Community Energy Scotland
- Founded: 2008
- Type: Charity
- Registration no.: SC SC039673
- Location: Inverness, Highland, Scotland;
- Region served: Scotland
- Website: www.communityenergyscotland.org.uk

= Community Energy Scotland =

Scottish charity

Community Energy Scotland is an independent Scottish charity established in 2008 that provides advice and financial support for renewable energy projects developed by community groups in Scotland. The stated aim of Community Energy Scotland is 'to build confidence, resilience and wealth at community level in Scotland through sustainable energy development'.

==History==
Having evolved from the Highlands and Islands Community Energy Company (or HICEC), a subsidiary of Highlands and Islands Enterprise formed in 2004, Community Energy Scotland became an independent entity with a national remit in the summer of 2008. They currently employ 20 members of staff; some are based in the head office in Inverness, and others are based in offices in Edinburgh, Glasgow, Kirkwall, Stornoway, Benbecula
and Perth. Community Energy Scotland is an independent charity governed by its members. The charity works closely with its members to develop projects which bring most benefit to their local communities.

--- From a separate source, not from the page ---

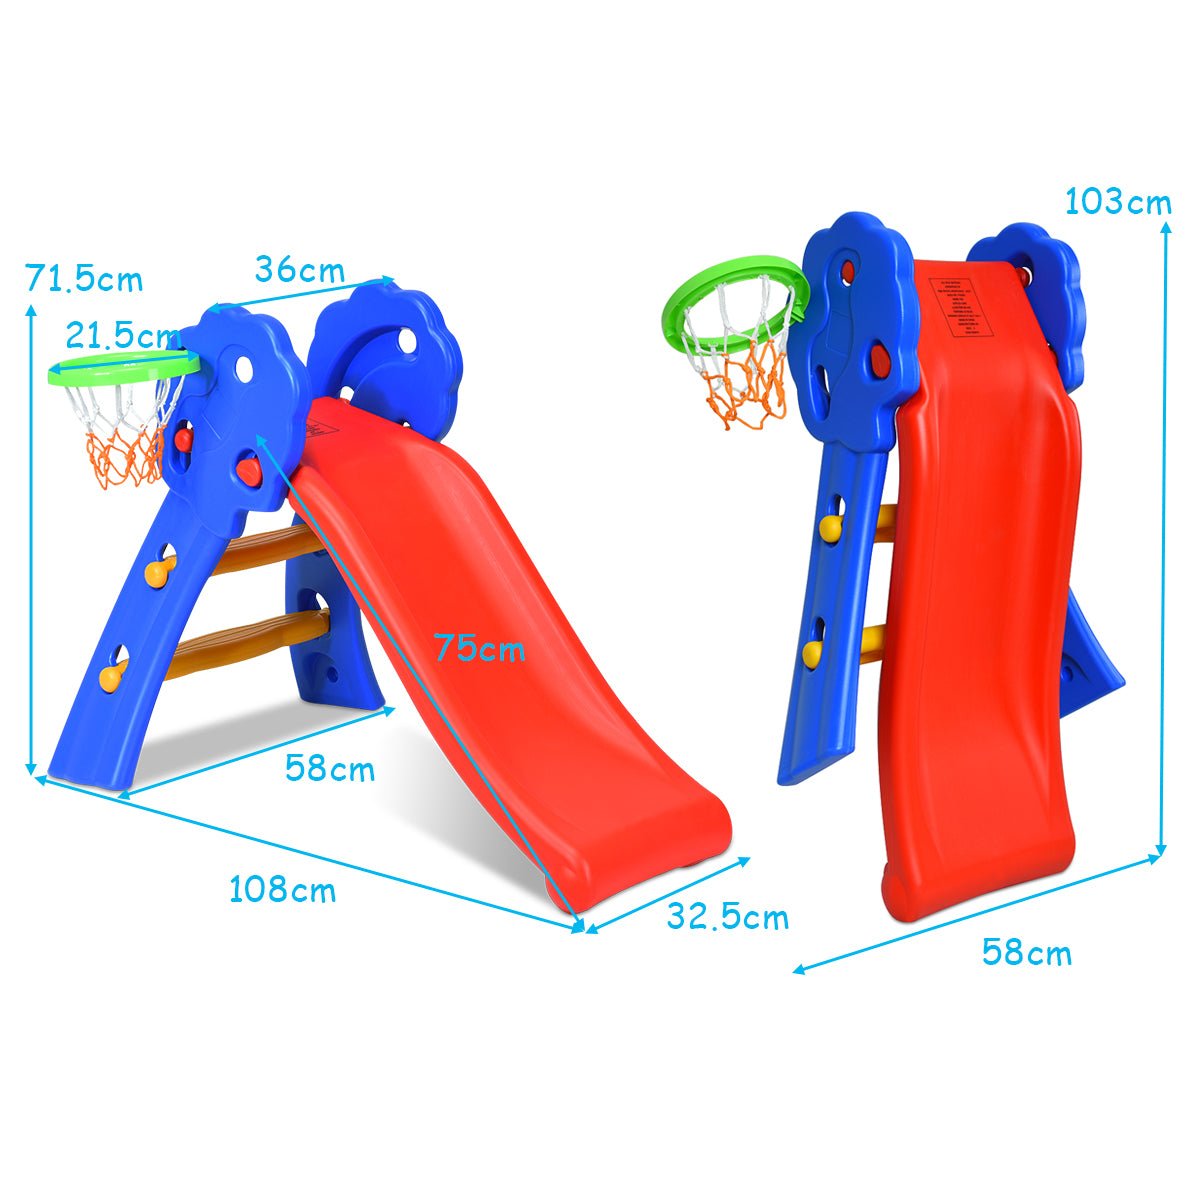 Buy the 2-Step Folding Slide with Basketball Hoop at Kids Mega Mart

Community Energy Scotland supports projects through several different programmes. This extends to non-profit distributing organisations such as social enterprises and housing associations. The charity also delivers programmes from Highlands and Islands Enterprise to support its work with communities in the Highlands and Islands, from The Lottery, and from various regional schemes across Scotland.
The charity also acts as a lobbying organisation with the aim of "ensuring that community energy achieves a high status on Scotland's political agenda".

==Projects==
The renewable energy potential of their area of operation is considerable, with a large number of small communities which are pioneering community owned and led projects. Many of these renewable energy projects are being undertaken by social enterprises such as development trusts.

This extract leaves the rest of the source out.